「愛すべきポンコツ」は嘘だった

カン十郎の裏切り

 

ONE PIECE
ONE PIECE【Getty Images】

 2018年から2022年まで、4年の長きにわたって連載されたワノ国編。ルフィたち「最悪の世代」の3人が、海賊の頂点に君臨する四皇2人に立ち向かう様子に、胸を熱くした読者も多いことだろう。

 さて、そんなワノ国編は、サムライや忍者、ヤクザといった個性豊かなキャラクターが次々と登場した章としても知られている。中でも印象的なキャラクターが、ワノ国のかつての家臣団である赤鞘九人男の1人、”夕立ちの”カン十郎だ。

 カン十郎は、ワノ国編の中心的人物である錦えもんの唯一無二の親友。絵を実体化させられる「フデフデの実」の能力者で、当初は、巨大な毛筆を駆使して戦うものの絵が下手すぎて役に立たないという「愛すべきポンコツキャラ」として描かれていた。

 しかし、ワノ国編の途中、彼は重大な秘密を打ち明ける。それは、自分が敵の黒炭オロチから送り込まれたスパイであり、かつて殺されたワノ国の将軍、光月おでんの死にも関与していたというあまりにも酷い事実だった。

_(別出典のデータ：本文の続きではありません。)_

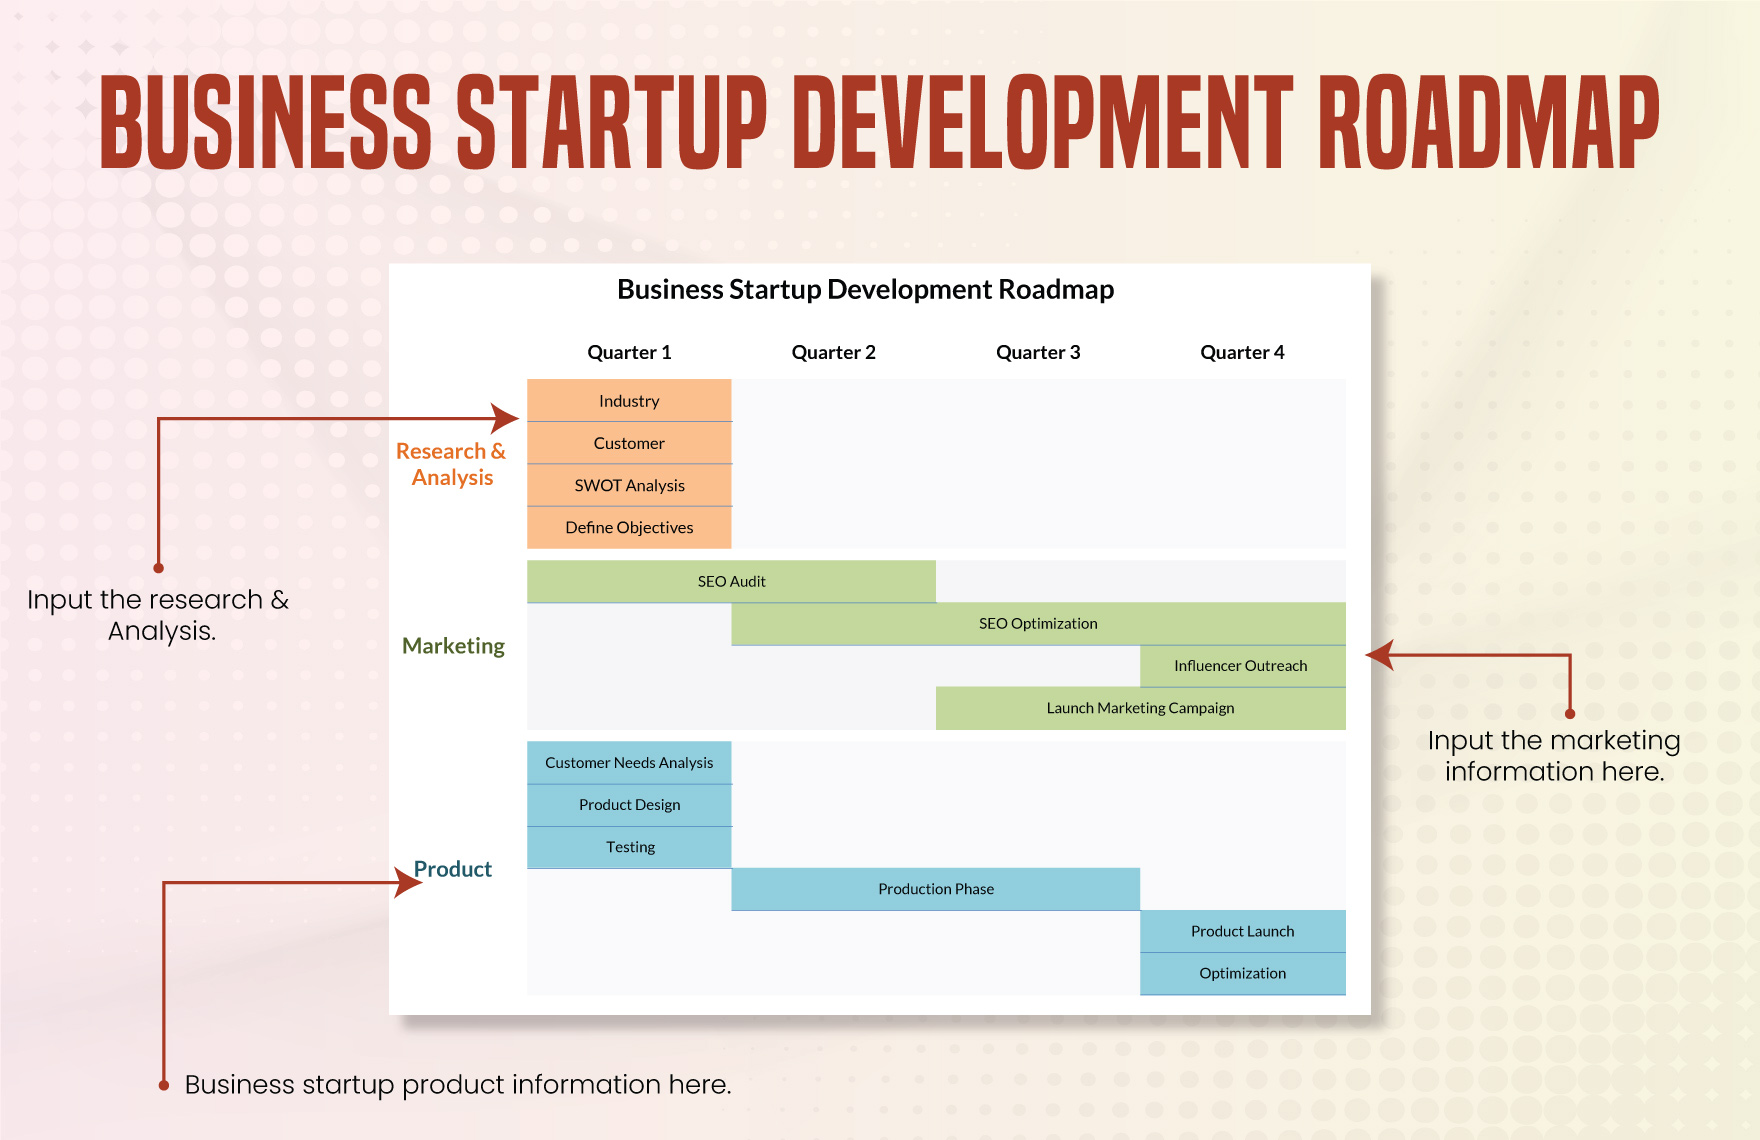 Business Startup Development Roadmap Template

 加えて、「絵が下手」という設定も彼の演技だったことが判明。打ち明けた直後に、実物と見まごうような見事な鶴を描き、1人ボスであるオロチたちが待つ鬼ヶ島へ飛び立っていった。

 しかし、初登場時からすでに伏線が張られていた。例えばカン十郎が絵を描く際の筆の持ち手。本性を現す前のシーンでは、食事などで右手を使用しているのに対し、絵を描く時には左手を使用している。つまり、あえて利き手でない方の手で絵を描いたことが分かるのだ。

 カン十郎の好物が「ちしゃ(レタス)」であるという点も注目すべきヒントだろう。「ちしゃ」というと、落語好きなら古典落語の「ちしゃ医者(夏の医者)」を思い出す方も多いだろうが、「ちしゃ」の花言葉は実は「冷酷な人」で、カン十郎の本性を表している。

 また、二つ名の「夕立ち」もヒントになっていた。作者の尾田栄一郎は質問コーナーSBSで、カン十郎の二つ名である「夕立ち」について、「血の雨を降らせる」という意味があると語っている。また、深読みすれば「夕立ち」とは夏の午後に降る激しい雨を指す。「光」も「月」もない空から降るということを考えると、ワノ国の将軍家である「光月」家を裏切った存在としてこれ以上ない異名だったはずなのだ。

 そんなカン十郎、最後は『黒炭心中』なる絵を描いて絶命している。親友を数十年騙した千両役者には似つかわしくないあまりにもあっけなく哀しい最期だった。